Mas isso é sentido como um escândalo, no fundo; é o mundo de cabeça para baixo e de trás para a frente. É como se não fosse possível — possível no sentido lógico, não apenas no sentido moral — querer virar índio, só se pode querer deixar de sê-lo. É como se querer virar índio fosse uma contradição em termos. De qualquer modo, já tem índio demais por aqui; e aliás, os índios têm terras demais. O Brasil ficaria melhor e maior com menos índios: só com os que existem hoje, por exemplo. Sejamos liberais: não é preciso matar ninguém; os índios que temos são bons; são mesmo necessários. Mas sobretudo, eles são suficientes. Vamos fechar a porteira. Vamos fazer uma escala. Índio mesmo é só índio isolado; voltemos às famosas categorias, cuja intenção de marcar etapas temporais é evidente: isolado, contato intermitente, contato permanente e integrado. Onde vai passar o corte? Na cara de quem vai se fechar a porteira? Integrado já não é mais índio; fácil essa. E os de contato intermitente? Que frequência de intermitência faz de um intermitente um integrado? Dezesseis horas por dia? Bem, o índio isolado ninguém tem coragem de dizer que não é mais índio, sobretudo porque ele nem é índio ainda. Ele não sabe que é índio; não foi contatado pela Funai ou coisa do gênero. Ou seja, primeiro se tem que virar índio para depois se deixar de ser. Por que então não se pode querer virar de novo depois de ter deixado de ser? Ou quem sabe voltar a nunca ter sido, mas nem por isso insistindo menos em querer ser?
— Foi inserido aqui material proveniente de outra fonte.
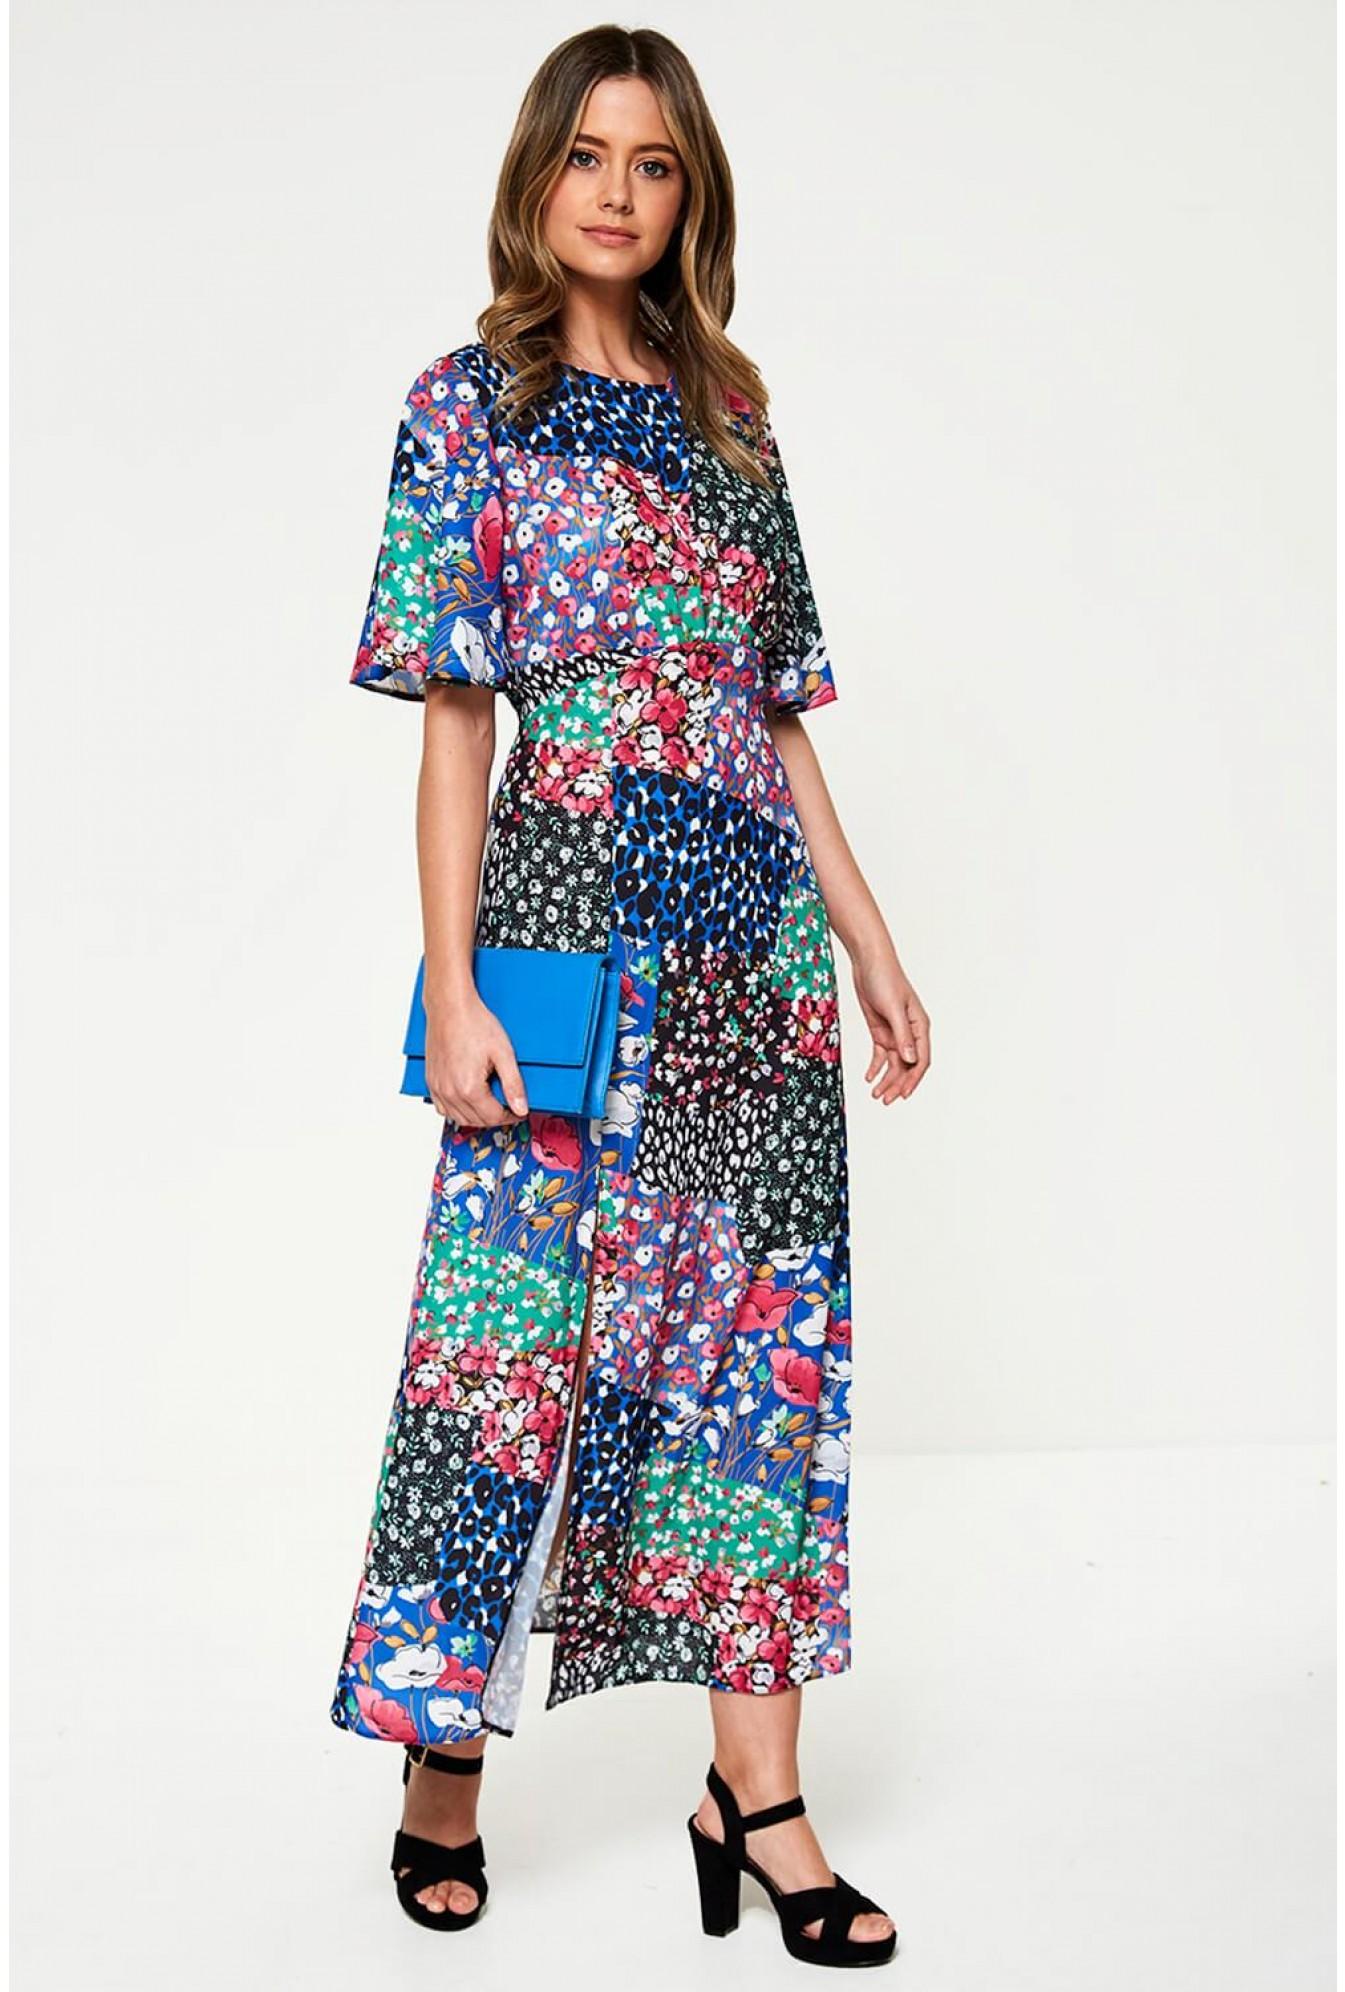 475328b64c More Views. Maxi Tea Dress in Patchwork Print

O Mércio está dizendo a mesma coisa que os governos da ditadura. Em essência, ele está dizendo que tem índio demais. Essa coisa de fechar a lista aconteceu nos Estados Unidos, por exemplo. Em um dado momento definiram arbitrariamente quem eram os índios. Só que lá, sendo aquele o país que é, os índios da lista vão ser índios para sempre. E não obstante, essa lista nunca fecha completamente. Não faz muito tempo que certas comunidades reivindicaram uma indianidade deixada de fora da lista, e outras continuam a fazê-lo.. Tome-se o célebre caso dos Lumbee. Coisa muito parecida com o que ocorre aqui.
Enfim, tenho a impressão de que é isso que o Mércio quer fazer. Uma lista, para poder dizer depois: a lista fechou. Uma lista para isso. Note-se o arbitrário quase burlesco de uma lista como essa. Por que parar agora e não no mês que vem? Por que não parou antes? Naturalmente, isso vai provocar uma corrida — acelerar uma corrida que já está acontecendo — para se registrar como índio. O correto seria publicar um edital. Abrir concorrência pública. Marcar prazo.
A declaração de Mércio Gomes — supondo-se que ele tenha dito o que se escreveu que ele disse; mas o povo inventa muito… — é completamente absurda. A Funai é (ou deveria ser) a representante, no sentido de defensora, das populações indígenas. Dali seria o último lugar de onde se poderia esperar ser emitido um juízo como esse. Como o presidente do chamado órgão tutelar (nem sei se a Funai “ainda é” isso) pode dizer tal coisa?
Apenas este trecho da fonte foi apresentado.